Nobody likes waiting for stuff to load on their phone. Whether it’s blank webpages or streaming sites buffering, we look to our handheld computers for an instant connection and instant gratification, and it’s just so annoying when they fail us—or take forever to load a silly video.
We often attribute a device’s speeds to internet service providers, mobile carriers, and that little “bars” icon at the top of the device, rather than the phone’s hardware. While that’s a reasonable way to think about it, the phone itself is a factor. Remember AntennaGate with the iPhone 4? The position and design of the phone’s “bezel gap” antenna made it harder for it to connect when you held it in your hand.

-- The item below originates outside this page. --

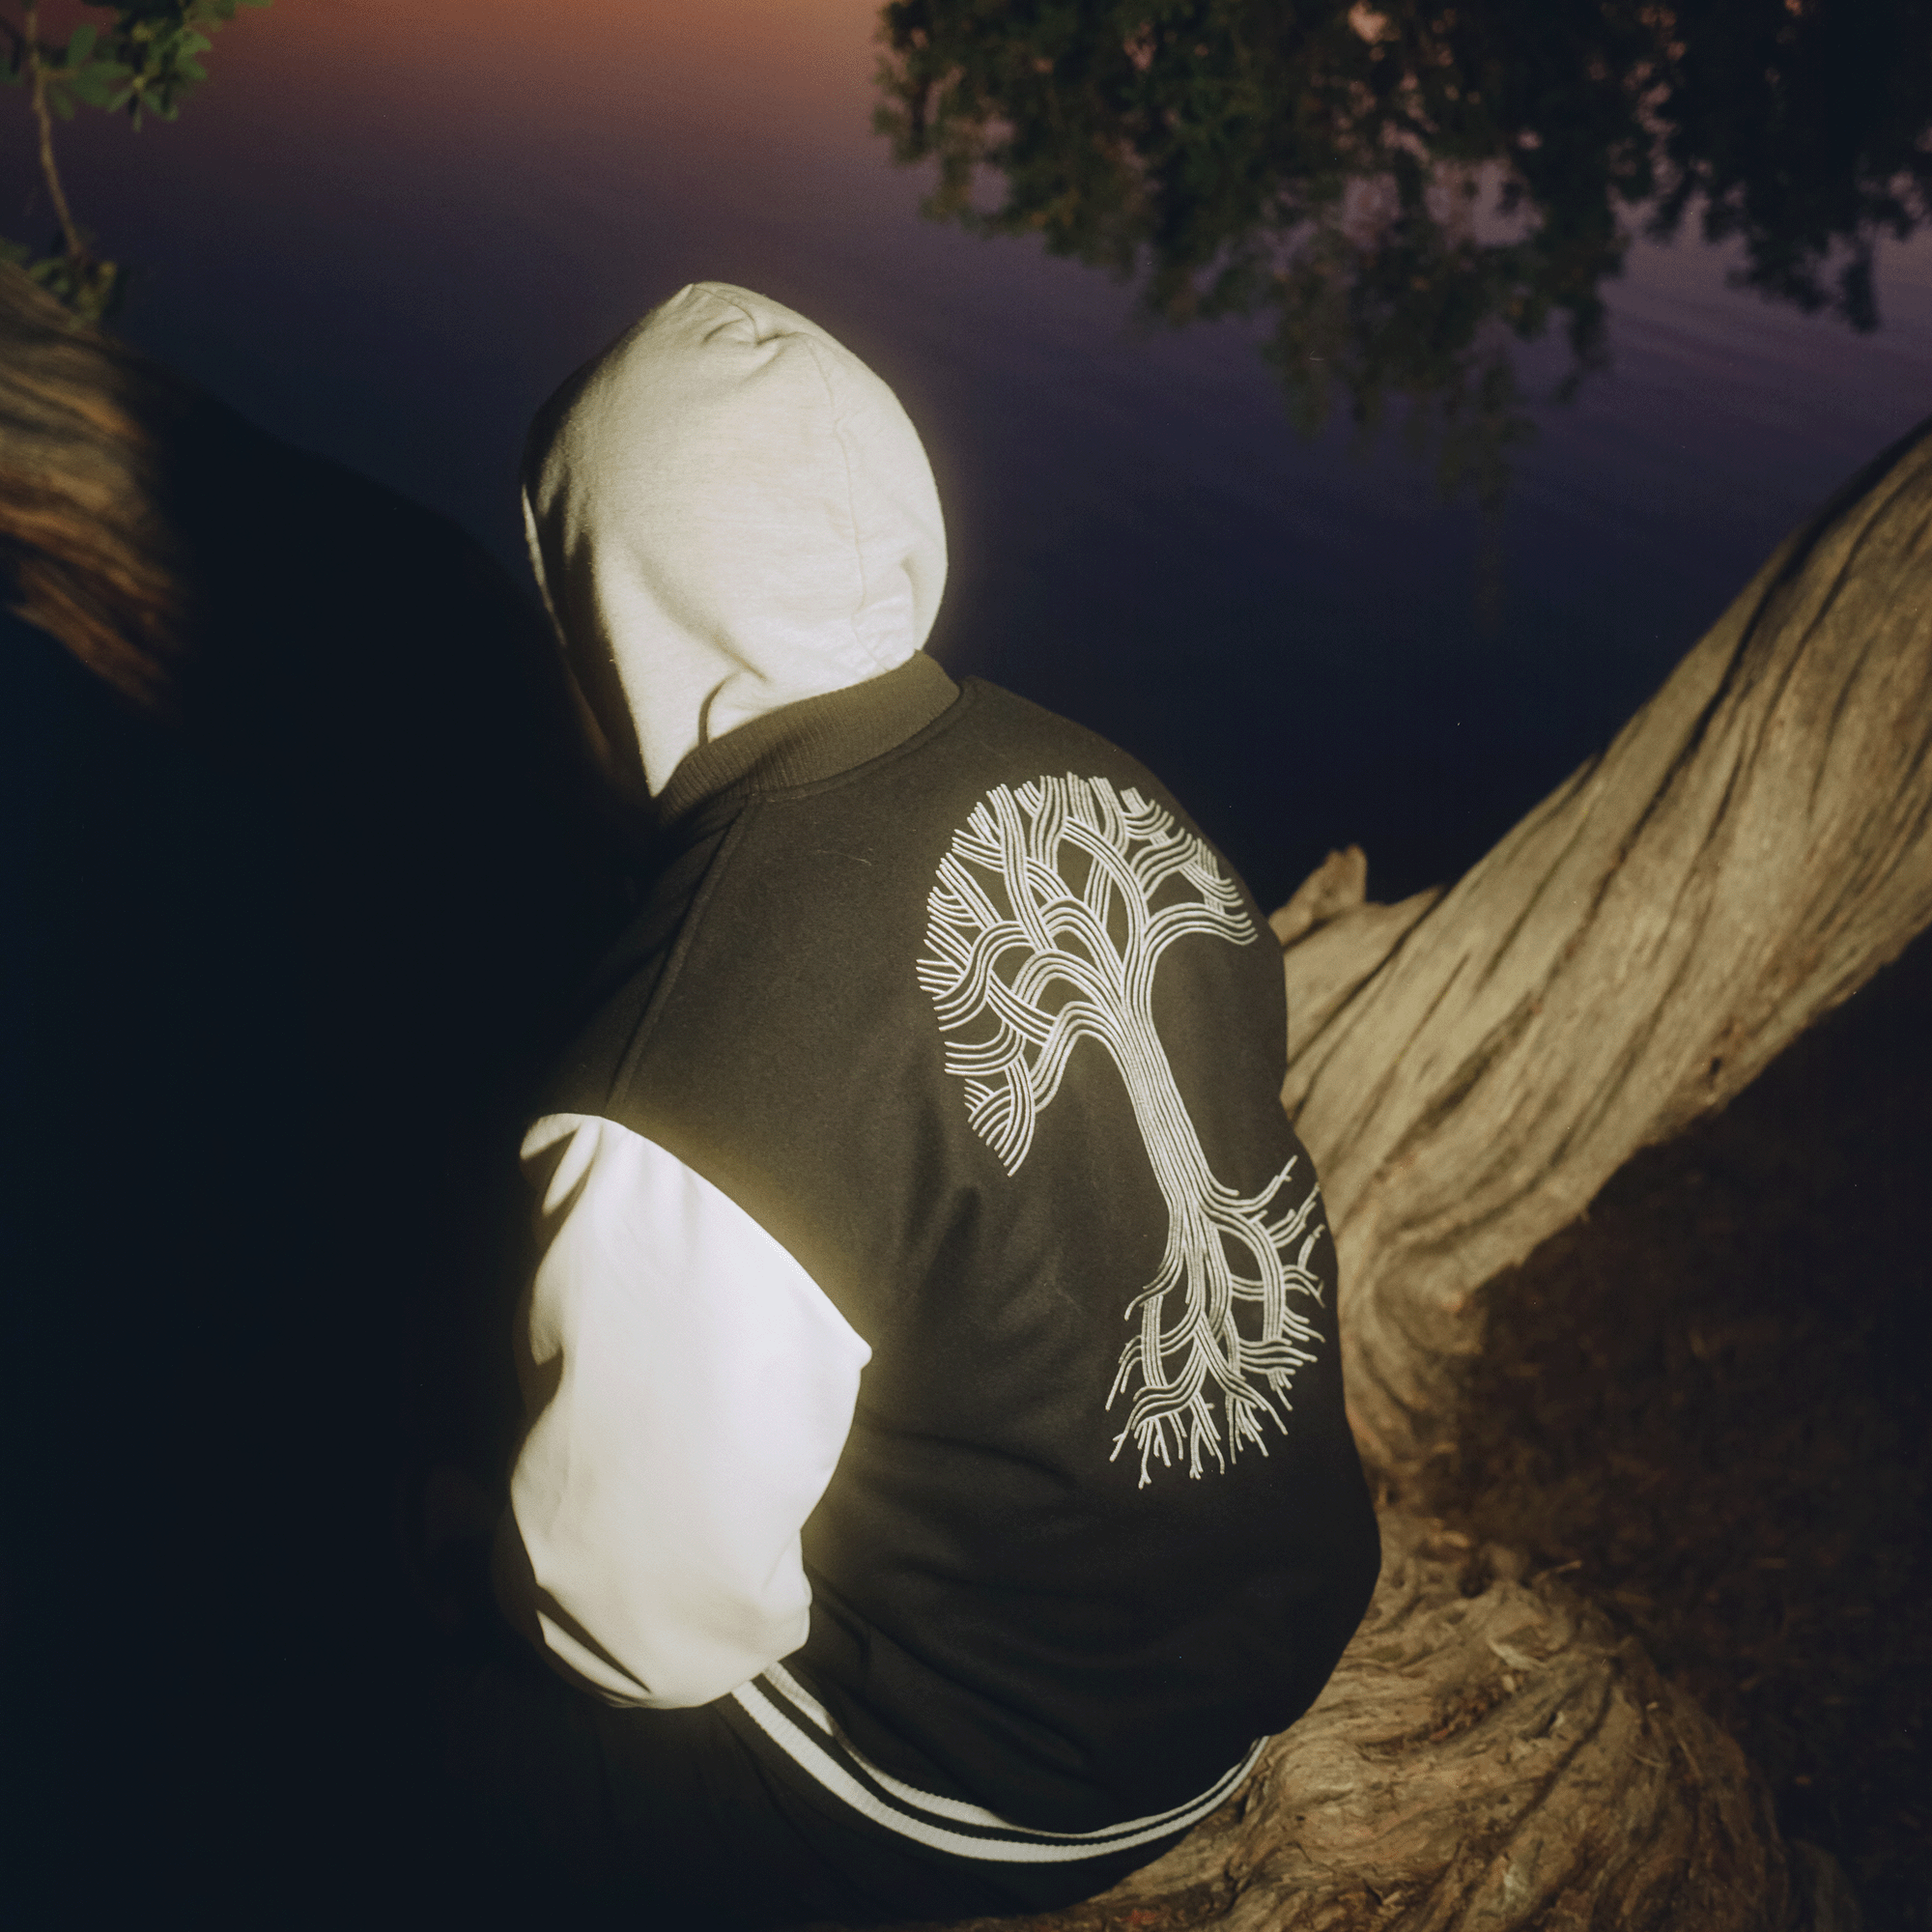 A man sitting beside the lake at sunset wearing a black and white varsity jacket with large Oaklandish tree logo on the back.
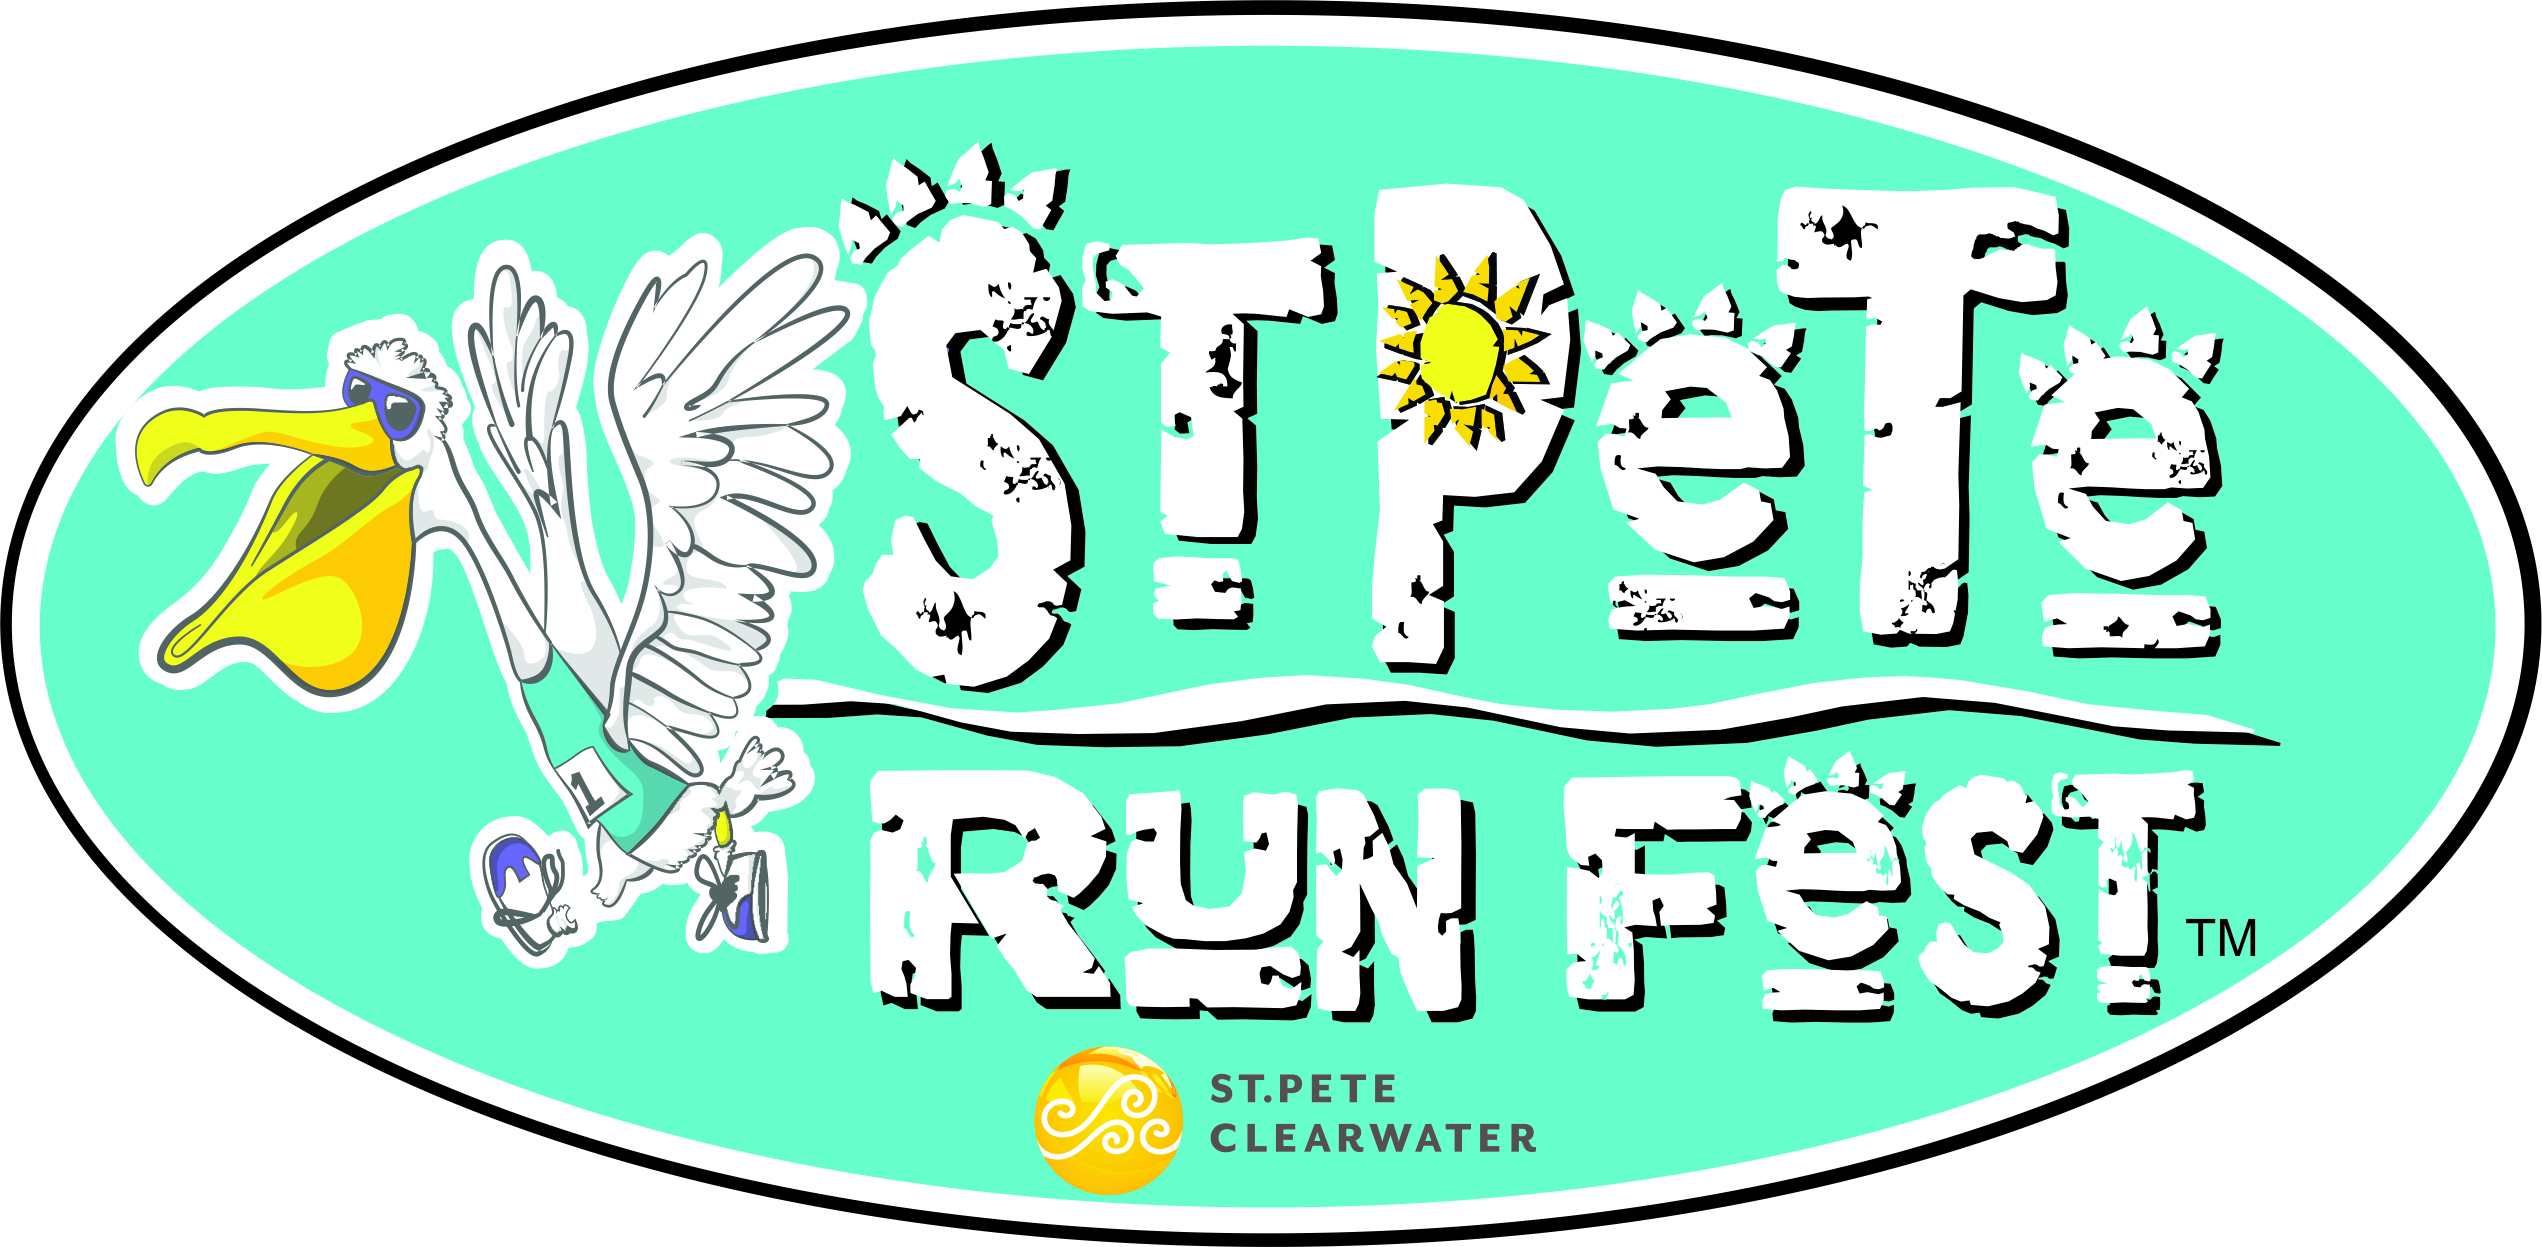 St Pete Run Fest

Now—at least, for the moment—we have a solid ruling on which phones do the best job connecting and maintaining a great connection on U.S. carriers. According to a series of tests run by popular independent internet speedtest purveyor Ookla, published by sister site PCMag, the fastest 4G smartphone is Samsung’s newest high-end flagship phone, the Galaxy S10+. The distinction is based on a study from Ookla’s enterprise metrics service, Speedtest Intelligence, which used crowdsourced data to evaluate the 4G download speeds today’s mainstream devices.
Ookla tested Samsung’s Galaxy S8+, S9+, S10+ and Note 9; Google’s Pixel 3, LG’s V40, and the iPhone XS Max. According to the data, the Galaxy S10+ and LG V40 were pretty much neck-and-neck with mean download speeds of 54 Mbps and 52 Mbps respectively, followed by the Galaxy S9+ and Note 9 at 47 Mbps and 45 Mbps. The iPhone XS Max and Galaxy S8+ hovered at 41 Mb/s, and the Pixel 3 averaged 39 Mbps.
Why does the S10+ stand apart from the rest of the pack? PCMag noted that the modem in the S10+ is newer and likely has a better RF setup, which enhances connectivity and performance.
Interestingly, PCMag ran a second, anecdotal test with the Galaxy S+ phones and iPhone XS Max and found similar results—the S10+ was faster and the others were tied, but not by a wide margin.
That said, there are a lot of factors that affect your download speeds moment-to-moment, including your distance from a tower for your carrier and what apps you’re running in the background of your phone. I find it’s nice to have this kind of data as general reference, but avoid relying on it and, more importantly, using it to set expectations.